President Trump repeated these themes throughout his own presidency. “[I]t is time to rebuild our crumbling infrastructure. American is a nation of builders,” he told Congress in his 2018 State of the Union Address. “I am asking both parties to come together to give us the safe, fast, reliable, and modern infrastructure our economy needs and our people deserve … Together, we can reclaim our building heritage. We will build gleaming new roads, bridges, highways, railways, and waterways across our land.”

For many years, conversations about American’s weak capacity for building was considered mostly in terms of traditional infrastructure: roads, bridges, and pipelines.
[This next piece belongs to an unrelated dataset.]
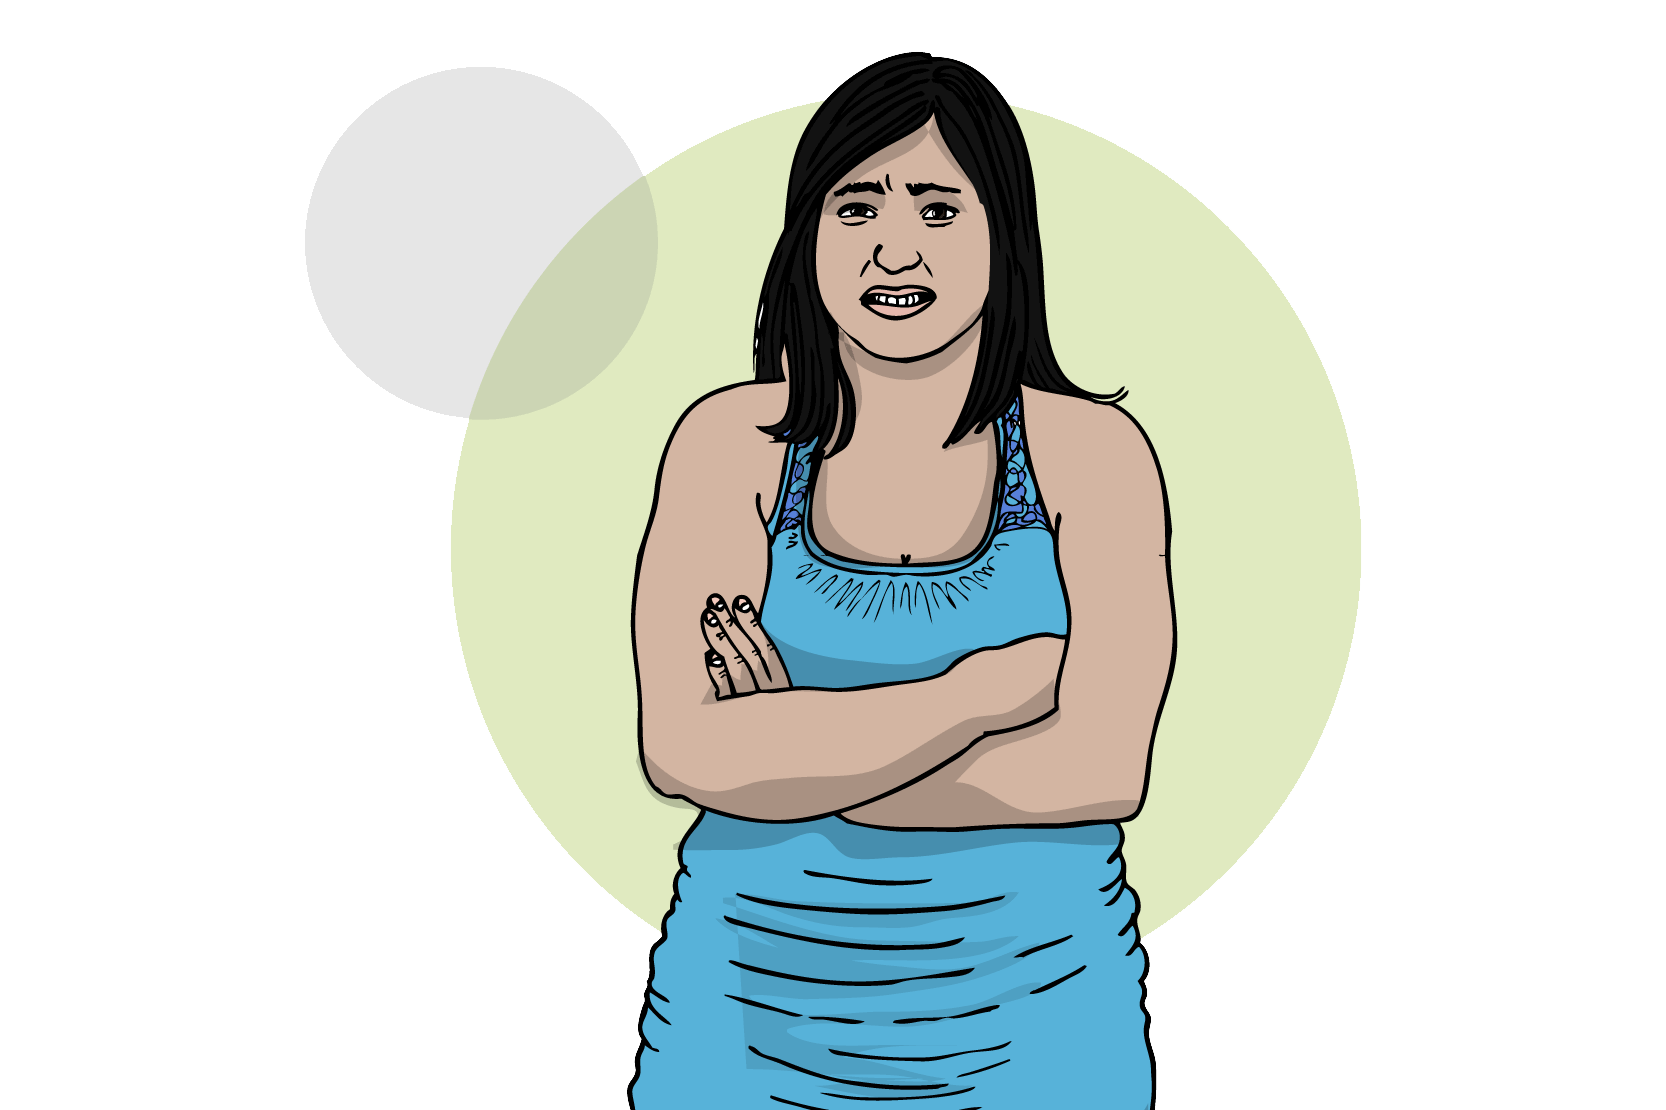 En person med svart hår som står med armarna korsade över bröstet, och ser skeptisk eller arg ut. 
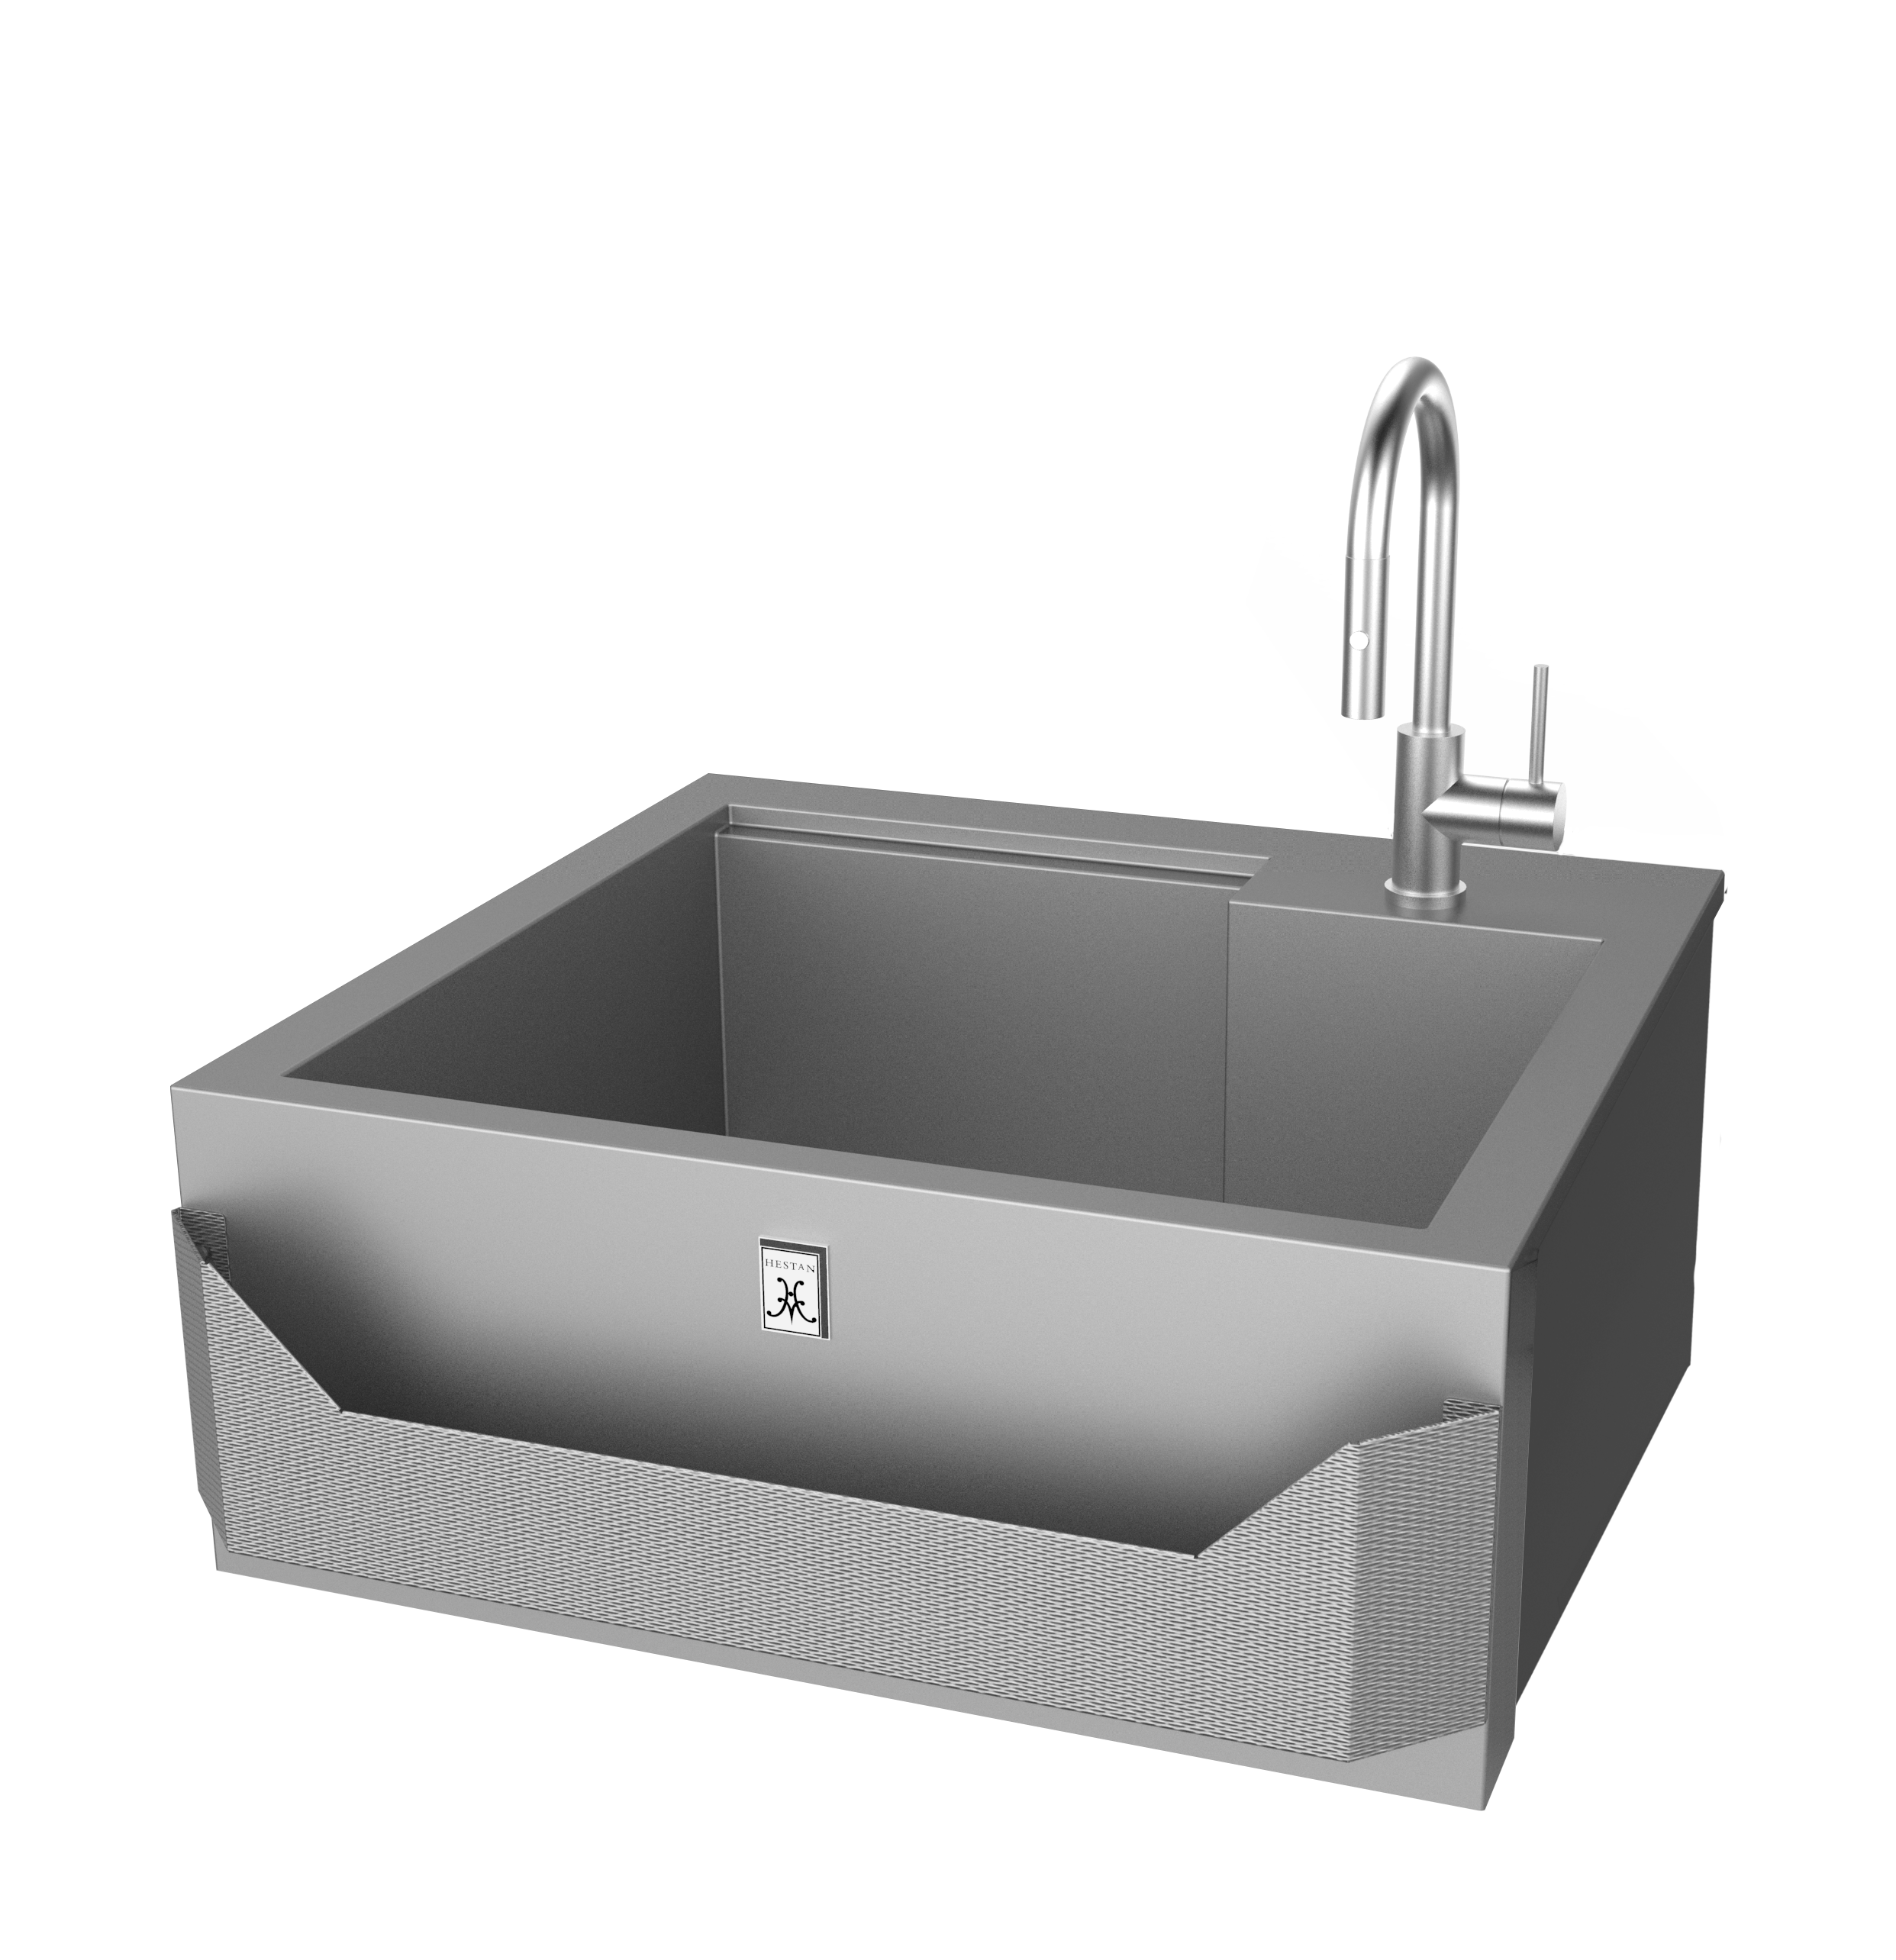 30-hestan-outdoor-insulated-sink

And since the 1970s, these debates were framed mainly in terms of conservatives versus progressives, capitalists versus environmentalists.

But for the last decade, interest in development has become increasingly bipartisan and cross-ideological, due in no small part to the fact that regulatory regimes that long frustrated oil and gas companies now frustrate those who seek to build wind farms, solar arrays, and the interstate transmission lines needed to connect those power supplies to distant metropolitan consumers.

These questions will become only more pressing in the years ahead, as broader technological innovations in artificial intelligence, and America’s ever-growing reliance on cloud computing data centers to facilitate everything from our work to our home entertainment, increases dramatically our need for long-distance, high-voltage power transmission lines, particularly as state and federal regulators attempt to prioritize wind and solar power far from population centers.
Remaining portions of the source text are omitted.